Фурманов перевел взгляд на Чапаева.
- Орел, - сказал он, - только смотреть за ним надо. Г-говорят, заносит
его часто. Но б-бойцы его любят. П-понимают его.
Он кивнул на притихшую площадь, над которой разносились слова Чапаева:
- Только бы дело свое не посрамить - то-то оно, дело-то!... Как есть
одному без другого никак не устоять... А ежели у вас кисель пойдет - какая
она будет война?.. Надо, значит, идти - вот и весь сказ, такая моя
командирская зарука... А сейчас комиссар говорить будет.
Чапаев отошел от ограждения.
- Давай теперь ты, Петька, - громко велел он.
Я подошел к ограждению.
Было тяжело смотреть на этих людей и представлять себе мрачные маршруты
их судеб. Они были обмануты с детства, и, в сущности, для них ничего не
изменилось из-за того, что теперь их обманывали по-другому, но топорность,
издевательская примитивность этих обманов - и старых, и новых - поистине
была бесчеловечна. Чувства и мысли стоящих на площади были так же уродливы,
как надетое на них тряпье, и даже умирать они уходили, провожаемые глупой
клоунадой случайных людей. Но, подумал я, разве дело со мной обстоит иначе?
Если я точно так же не понимаю - или, что еще хуже, думаю, что понимаю -
природу управляющих моей жизнью сил, то чем я лучше пьяного пролетария,
которого отправляют помирать за слово "интернационал"? Тем, что я читал
Гоголя, Гегеля и еще какого-нибудь Герцена? Смешно подумать.

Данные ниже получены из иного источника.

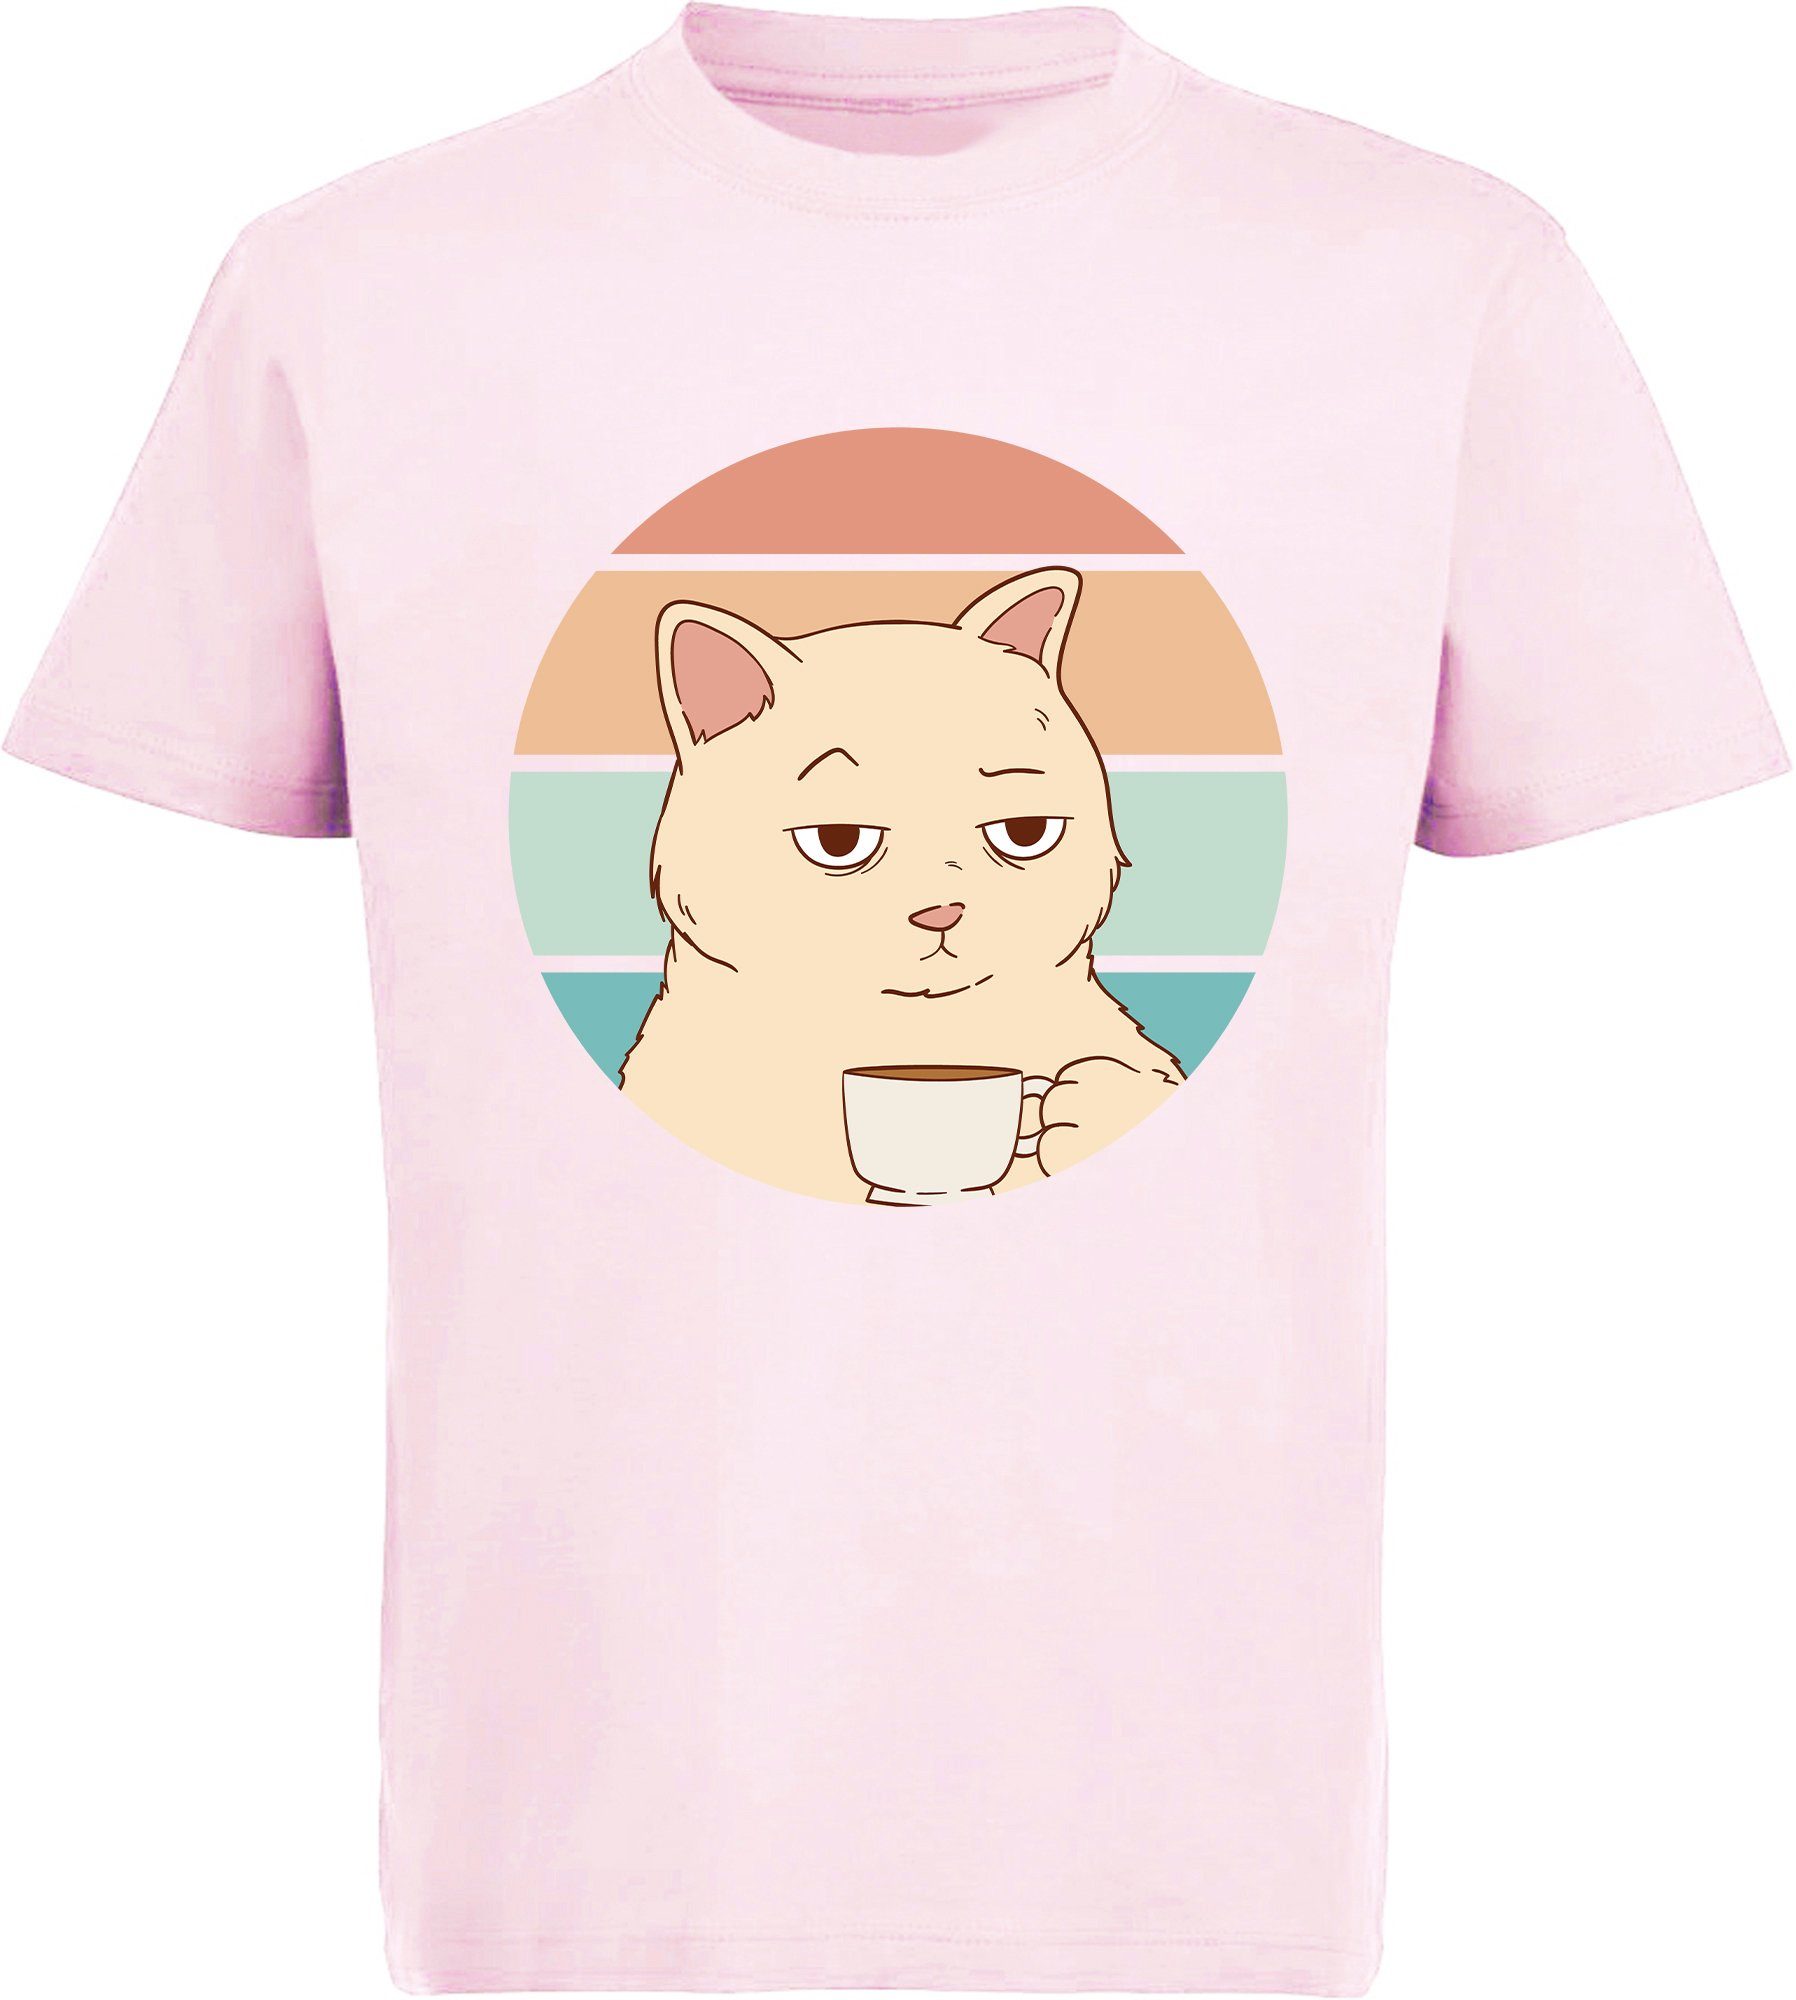 MyDesign24 Print-Shirt bedrucktes Kinder Mädchen T-Shirt Katze Retro mit Tasse Baumwollshirt mit Katze, weiß, schwarz, rot, rosa, i106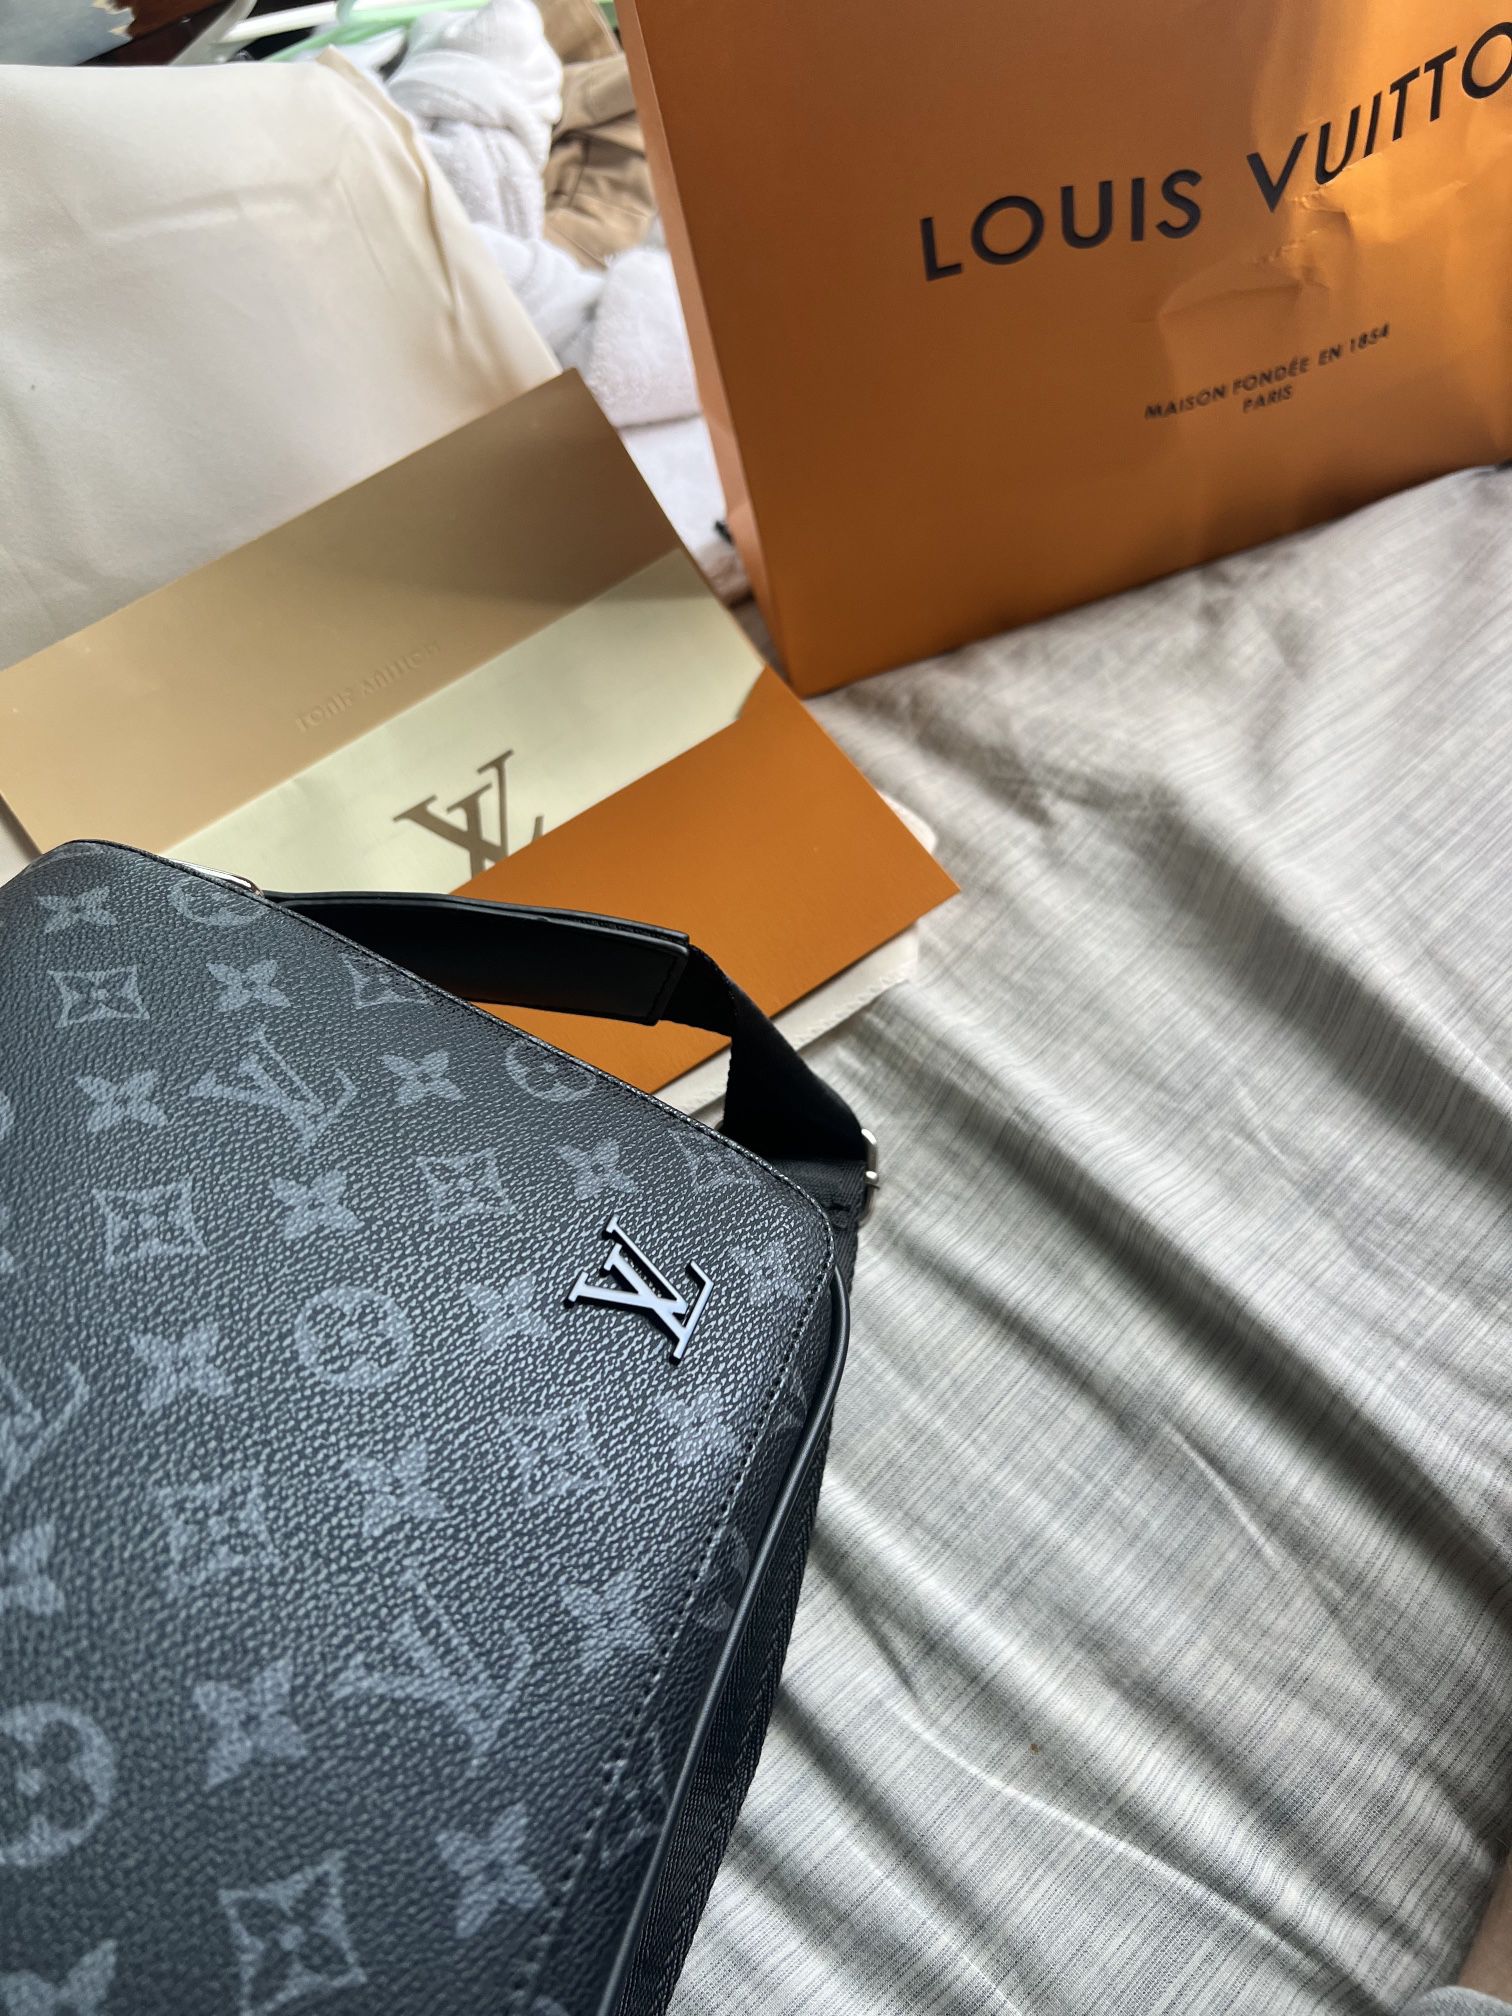 Louis Vuitton men's messenger, purse - clothing & accessories - by owner -  apparel sale - craigslist

Однако надо было что-то сказать.
- Товарищи рабочие! - крикнул я. - Ваш комиссар товарищ Фурманов
попросил меня быть покороче, потому что сейчас уже начнется посадка. Я
думаю, что у нас еще будет время для бесед, а сейчас скажу вам только о том,
что переполняет огнем все мое сердце. Сегодня, товарищи, я видел Ленина!
Ура!
А жизнь - она бывает даже более фантастична:
В самом знаменитом эпизоде кинофильма "Чапаев" - психическая атака каппелевцев - есть сцена, в которой нелепые обормоты в неуставной одежде бегут в панике с холма при виде стройных офицерских рядов:
Это Самарский рабочий полк. Эпизод на самом деле имел место быть, только был еще более нелепым. Даже Фурманов, описывая его в своей книге, сгладил углы, чтобы не словить обвинения в излишней карикатурности.
Полк на самом деле не драпанул, а проспал атаку белых - те спокойно прошли мимо позиции на холмах, с которой идеально просматривалась вся местность вокруг. Проспали белых в прямом смысле слова и останавливали атаку противника другие люди.
Самарский рабочий полк был набран весной 1919 года по "профсоюзной мобилизации", когда гребли по сусекам неликвид, лишь бы заткнуть бреши на Восточном фронте. В полк удалось набрать около 300 человек. На первом построении полка при команде: "строевые, три шага вперед", вперед вышло 20 человек. Сколиоз, плоскостопие и косоглазие в Самарском рабочем полку за пороки не считались. Обмундирование почти всем пришлось не по размеру. При торжественном параде в Самаре, на котором Троцкий провожал полки на битву с Колчаком, Самарский рабочий полк от позора убрали в первую (дальнюю) линию оцепления.
При выступлении на фронт Самарский рабочий полк влили в качестве 3-го батальона в 220-й Иваново-Вознесенский стрелковый полк, где комполка Мухин самарцев иначе как "уродами" не называл.
В походном и бытовом плане пришитый батальон представлял собой более чем плачевное зрелище, но в бою вел себя храбро - бойцы тупо не понимали что происходит, позиций не сдавали, стреляли в заданном направлении и несли нелепые потери.
Реальное, описанное Фурмановым сражение происходило под Бугульмой. Накануне замеса Самарский рабочий полк (он же 3-й батальон 220-го полка) совершил длительный плоскостопый марш по пересеченной местности. Бойцы поголовно сбили ноги, страшно измучились и потеряли где-то в обозах свою кухню. Заняв позиции за холмами, полк выставил на их вершинах боевое охранение, которое проверил сам Чапаев. Как только Чапаев уехал, бойцы доели крошки из карманов и тут же уснули мертвым сном. Не мог уснуть только один боец охранения - слишком сильно болели мозоли. Он сидел на гребне холма, тер ноги и смотрел на поле.
Беда была в том, что у бойца зрение было -9,5, а очки ему нашлись только на -6 и одно из стекол было треснуто.
Этим единственным дозорным полка был будущий академик АН СССР Михаил Николаевич Тихомиров, который оставил замечательные воспоминания "Самара в моей жизни (1919-1923 гг.)", Издательство "Самарский университет", 1994.